- Interactive map of Santi Suk
- Country: Thailand
- Province: Chiang Mai
- District: Doi Lo

Population (2015)
- • Total: 3,852
- Time zone: UTC+7 (ICT)
- Postal code: 50160
- TIS 1099: 502404

= Santi Suk, Chiang Mai =

Santi Suk (สันติสุข) is a tambon (subdistrict) of Doi Lo District, in Chiang Mai Province, Thailand.
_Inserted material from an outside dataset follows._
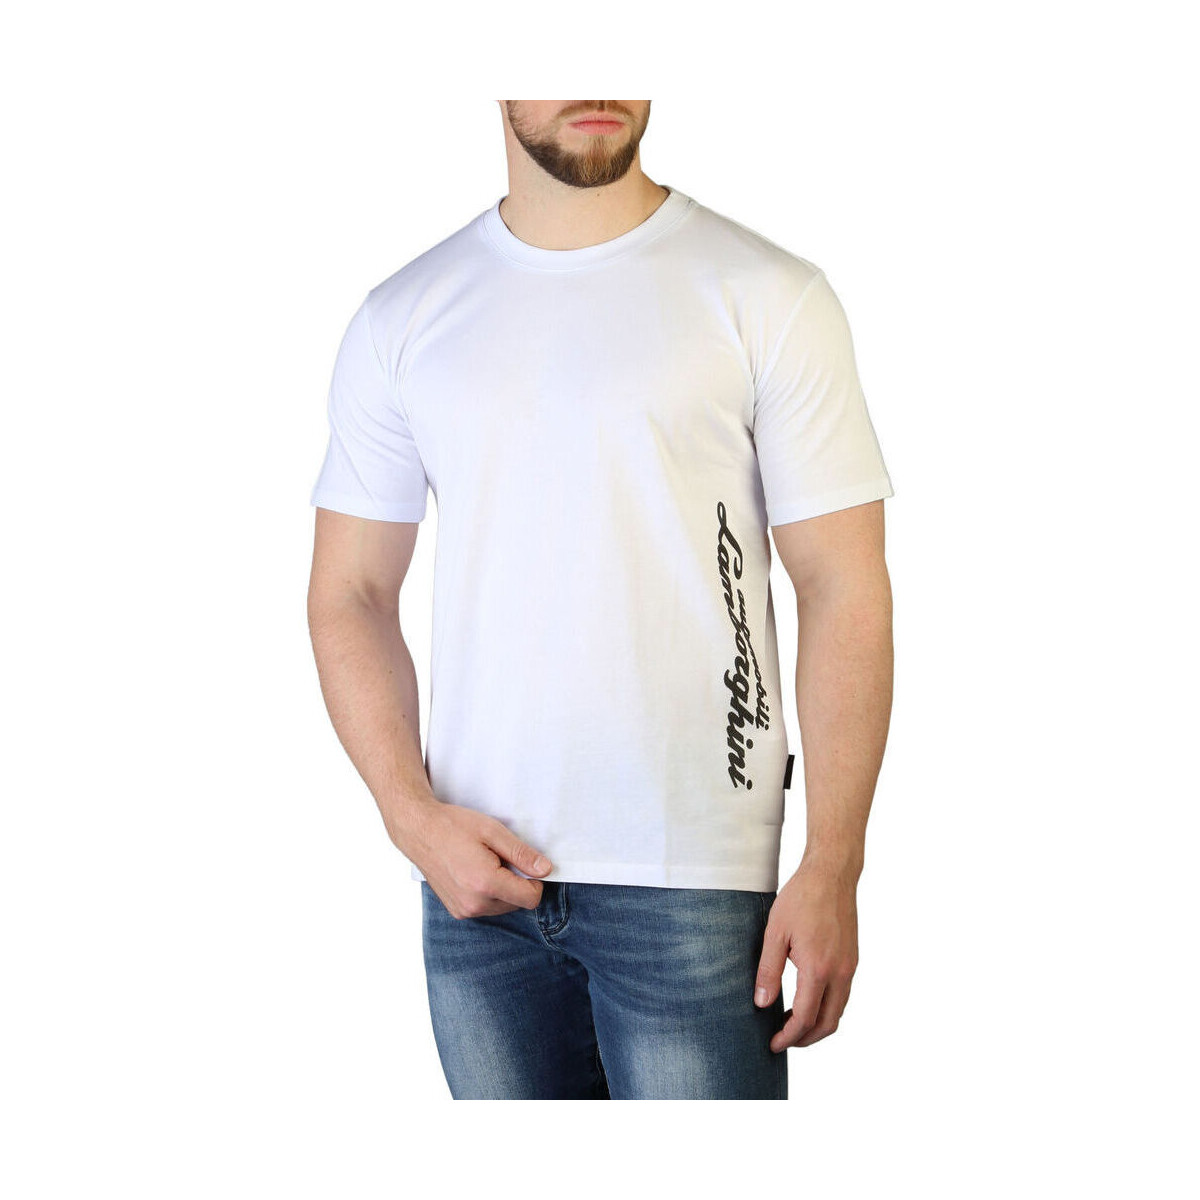 Abbigliamento Uomo T-shirt maniche corte Lamborghini - b3xvb7b5 Bianco

In 2015 it had a population of 3,852 people.

==History==
The subdistrict was created effective 1 May 1991 by splitting off eight administrative villages from Yang Khram.

==Administration==

===Central administration===
The tambon is divided into nine administrative villages (mubans).

| No. | Name | Thai |
|---|---|---|
| 01. | Ban San Makha | บ้านสันมะค่า |
| 02. | Ban Nong Hiang | บ้านหนองเหียง |
| 03. | Ban Thung Pui | บ้านทุ่งปุย |
| 04. | Ban Sop Ao | บ้านสบอาว |
| 05. | Ban San Nok Kaeo | บ้านสันนกแก้ว |
| 06. | Ban Mai Nong Hoi | บ้านใหม่หนองหอย |
| 07. | Ban Nong Hoi | บ้านหนองหอย |
| 08. | Ban Mae Taeng | บ้านแม่แตง |
| 09. | Ban Santi Suk | บ้านสันติสุข |

===Local administration===
The subdistrict is covered by the subdistrict municipality (thesaban tambon) Santi Suk (เทศบาลตำบลสันติสุข).